> STORED DATA
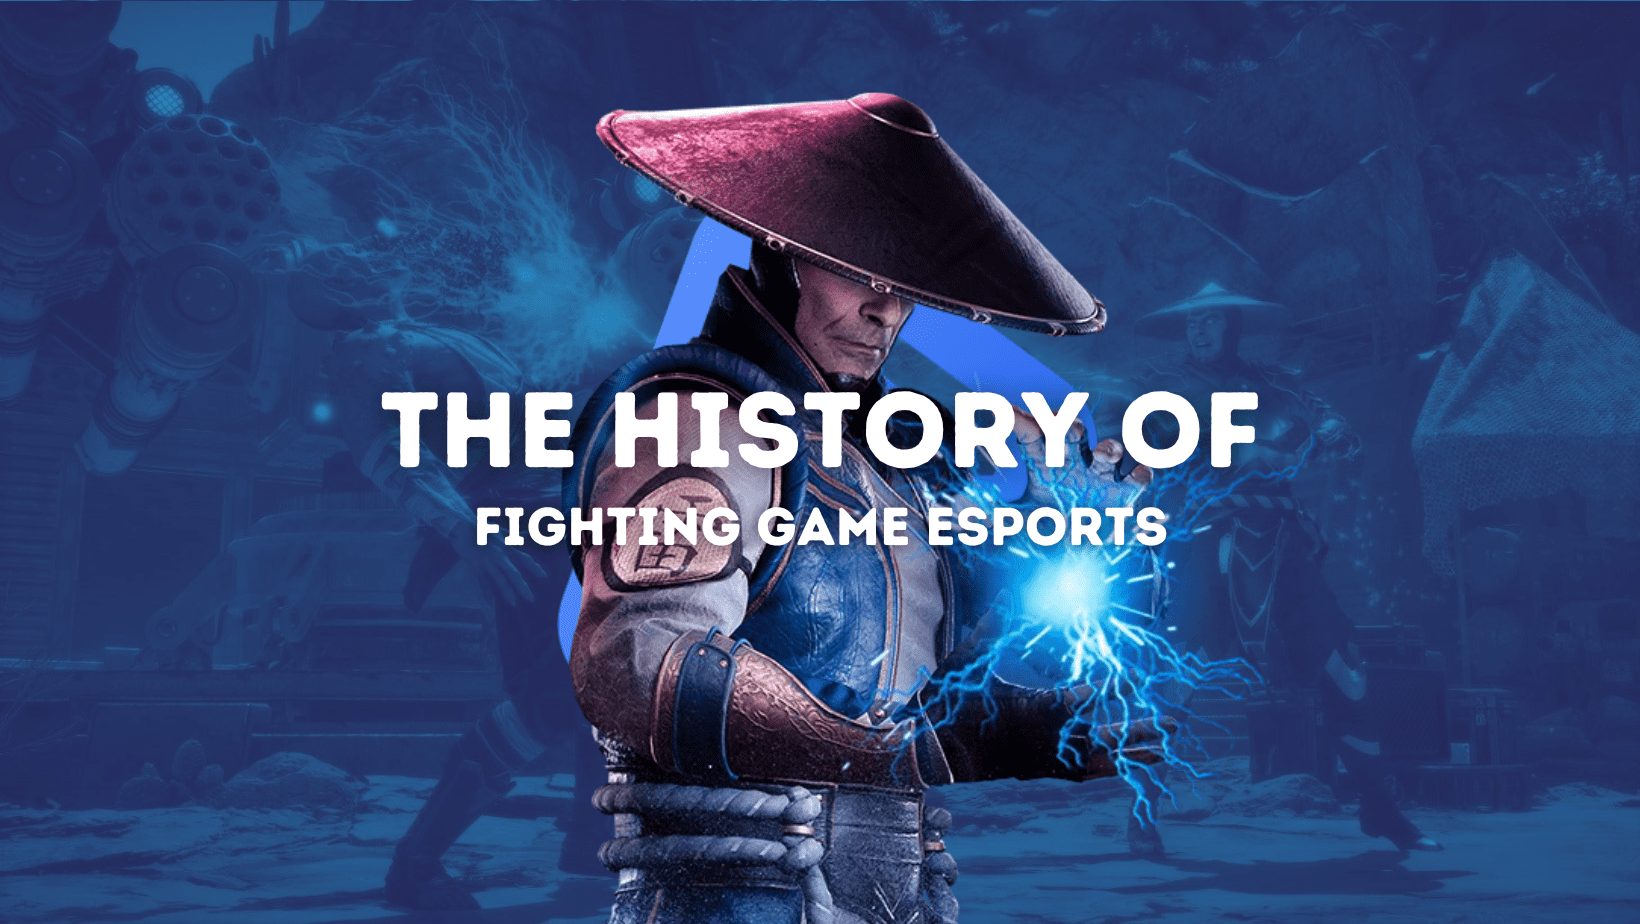 The History of Fighting Game Esports
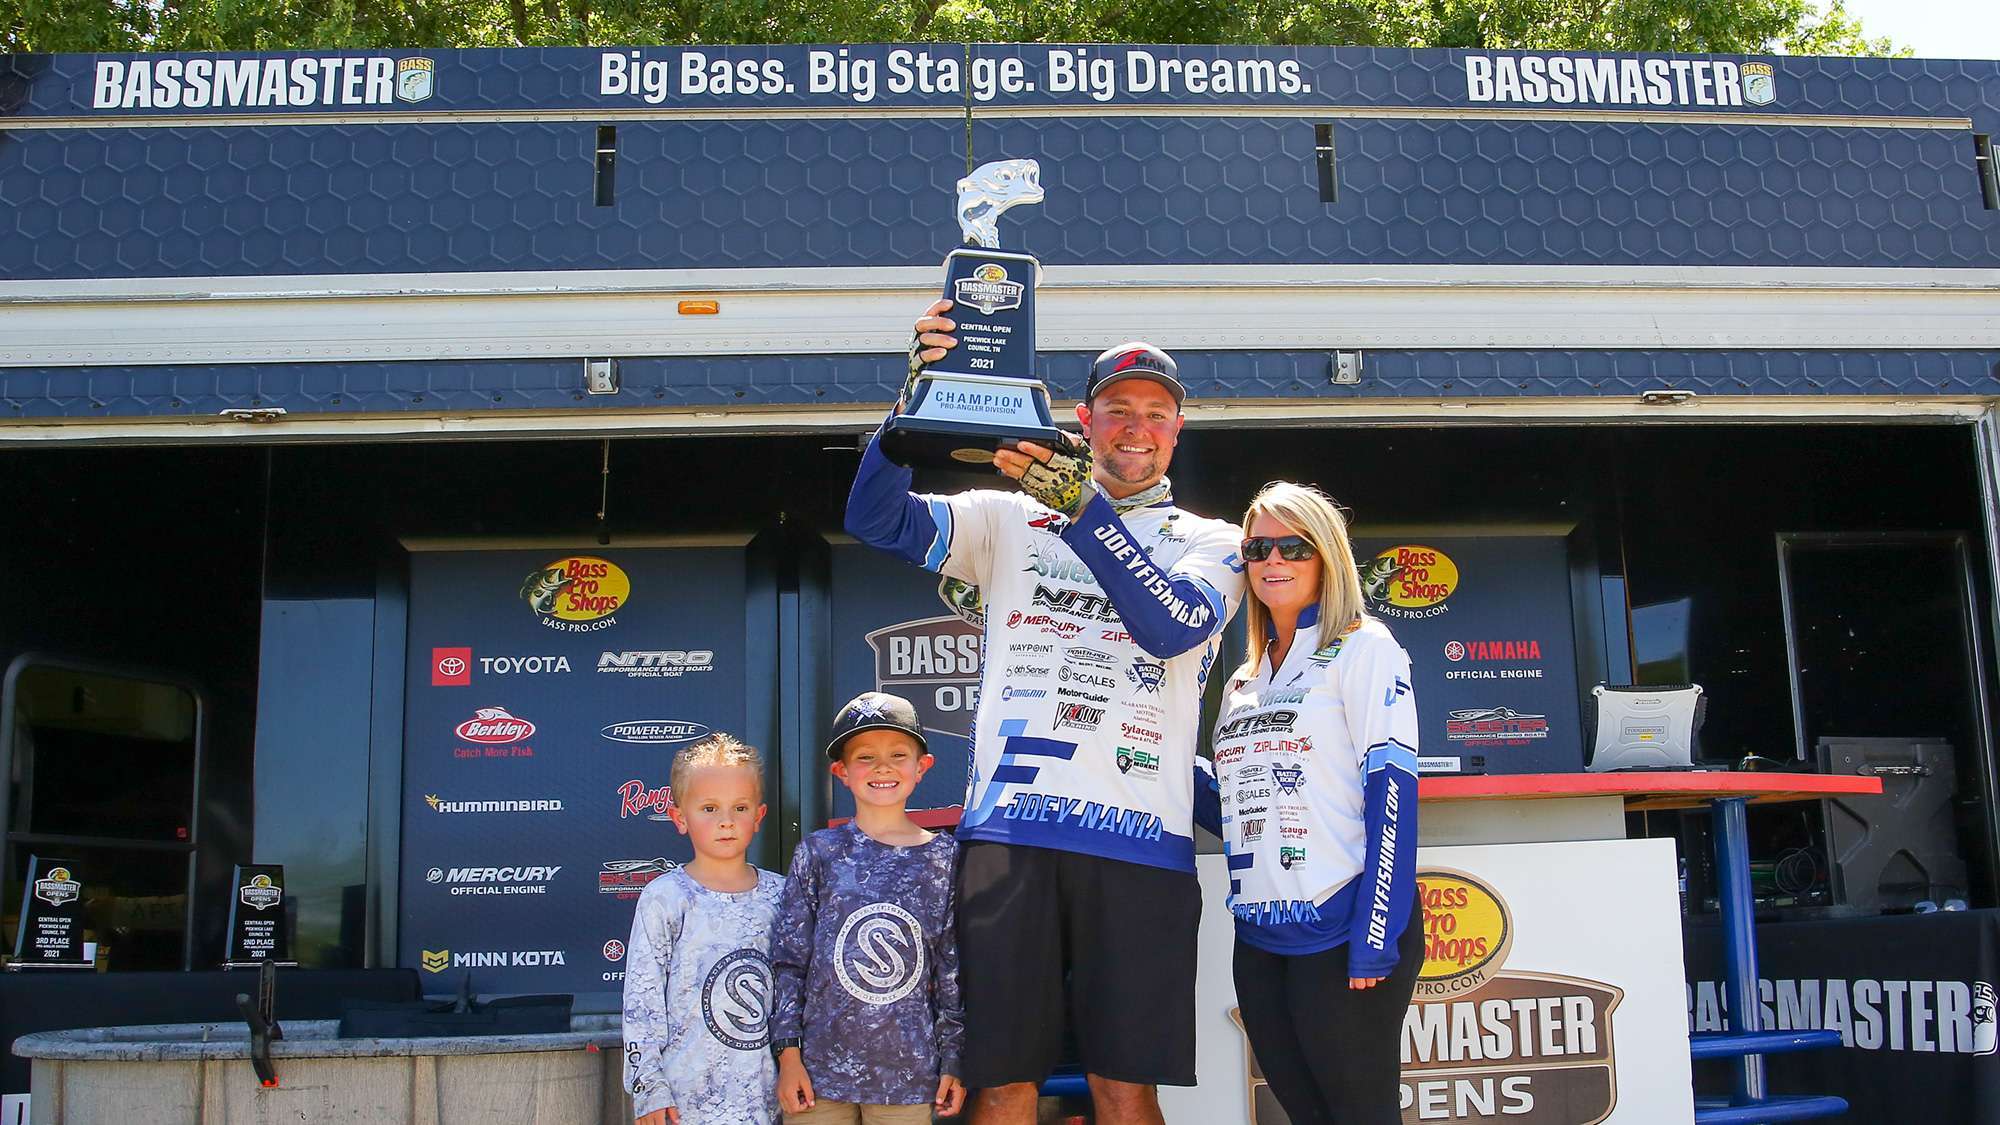 Joey Nania won the Basspro.com Bassmaster Central Open on Pickwick Lake in Tennessee, and with it, a berth in the 2022 Academy Sports + Outdoors Bassmaster Classic presented by Huk. 
<br><br>
<em>All captions: Craig Lamb</em>

> WORK TO COMPLETE
Please transcribe the material above exactly as written. Leave the pictures out.

> EXPECTED ANSWER
 The History of Fighting Game Esports
 Joey Nania won the Basspro.com Bassmaster Central Open on Pickwick Lake in Tennessee, and with it, a berth in the 2022 Academy Sports + Outdoors Bassmaster Classic presented by Huk. 
<br><br>
<em>All captions: Craig Lamb</em>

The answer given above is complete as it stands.